Oct 30, 2007

Cracked floors and walls cause dorm evacuation

by Charles S. Goss

    Dorm 7, a two-story male residence hall on the Circle, received a startling announcement Friday, Oct. 19 in Convocation: the residence hall was to be evacuated due to structural damage.
    According to Chancellor Jerry Falwell, Jr., the engineers overseeing the dorm restoration believe the earth underneath the dorm has been shifting recently, causing the foundation to settle too much.
    J.O. Renalds, the director of Field Operations, said indications of settling include “cracks in the walls and floors opening up over time and some settling of portions of the first floor concrete slab.”
    Director of Planning and Construction Charles Spence offered two possible explanations for the shifting of the earth: poor soil compaction from when the dorm was built 30 years ago and dry soil from the recent drought. He said the dorm’s proximity to the ravine is not a factor.
    Spence affirmed that other dorms on the Circle are safe, including the other two-story Dorms, 2, 5 and 13.
    Falwell, Jr. said the plan now is to permanently repair the building instead of temporarily fixing it, as originally stated.  According to Spence, construction crews will take out the elements that are broken, such as cracked cinder blocks, and replace them.
    “We’ve started some of the demolition work to open up points where we will install structural support rods that will stabilize the building,” Spence said.
    He also said there is no expected completion date for the renovations.
    The dorm is home to approximately 130 students total who are now being housed in open rooms all over campus, whether on Campus East, the Hill dorms or elsewhere on the Circle, according to Haoyung Chien, the Associate Director for Student Leadership.
    Campus Pastor Dwayne Carson said the biggest challenge was finding open places for the students to stay in dorms that are mostly full.
    Carson also said that the keys for the students’ new room assignments were quickly made available.
    “This has affected almost every male on campus,” Carson said.
Jeremy Lemon, a junior on the second floor, expressed disappointment over the event.
    “We all just miss being together,” he said.
    Lemon is temporarily living in Dorm 32-1.
    Lemon described the floor of room 108 in Dorm 7, which he said slants like a hill.
    He said, “We knew it was an old dorm, but we didn’t think much about it. We never knew this would happen.”
    Second-floor resident James Kimmey, now living on Dorm 9, was also disappointed.
    “We don’t care where we live as long as we’re together,” he said. “A lot of the guys are sad because we have to travel across campus to see one of our friends we could see before on an hourly basis.”
    Kimmey said the Dorm 7 guys had to move most or all of their belongings out in a matter of hours.
    “Students from all over campus came and helped us move,” he said.

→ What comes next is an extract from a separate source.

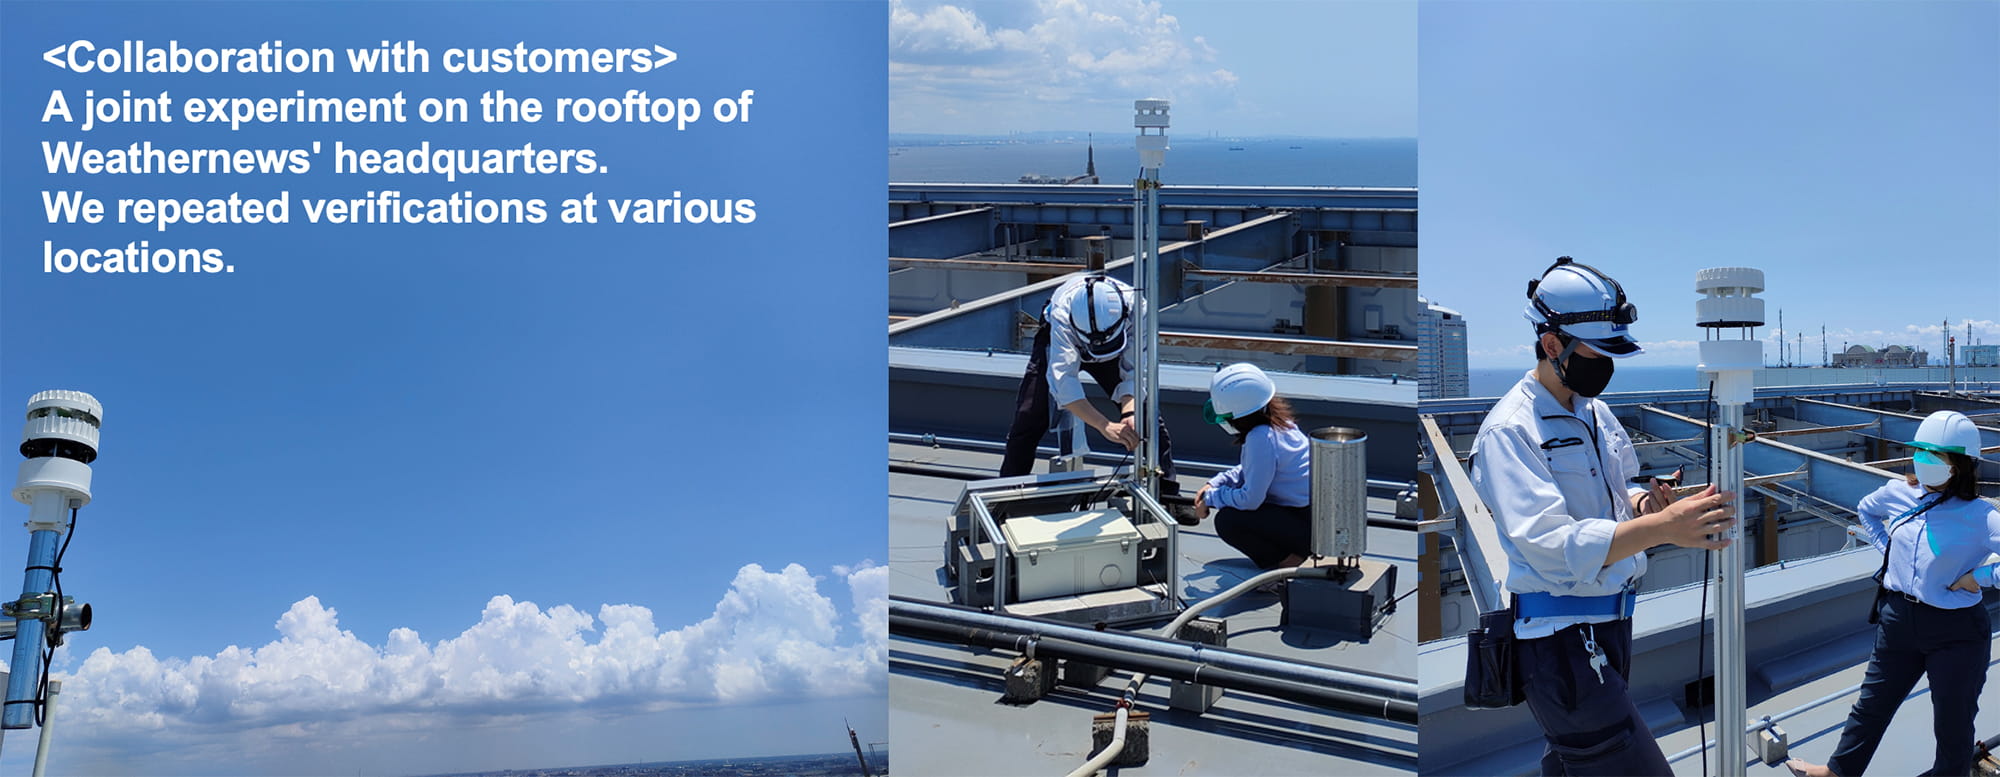 Collaboration with customers: A joint experiment on the rooftop of Weathernews' headquarters. We repeated verifications at various locations.

    Kimmey left a recliner in his room, which he was told may or may not survive the reconstruction process.
    Both Lemon and Kimmey said they knew about the cracks last year before deciding to live on Dorm 7 again.
    Various photos on the Facebook group “Dorm 7: The Dispersion” show the cracks in detail, some of which are about as wide as a quarter. Another photo shows a half-inch lip in the floor which had been covered with a rug.

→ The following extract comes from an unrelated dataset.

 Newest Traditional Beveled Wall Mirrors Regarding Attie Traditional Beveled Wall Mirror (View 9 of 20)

    The two halls still sit together for Convocation and hold their weekly hall meetings and prayer groups in DeMoss.
    First floor Resident Assistant Parker Jones said God is using this situation to draw the guys on 7-1 closer together.
    “I was worried about this splitting our dorm apart,” he said, “but I’ve never seen the guys more excited to see each other in convo or even around campus.”
        Kimmey is trying to stay positive about the event.
    “We don’t care about the cracks,” he said. “We just want the issue resolved.”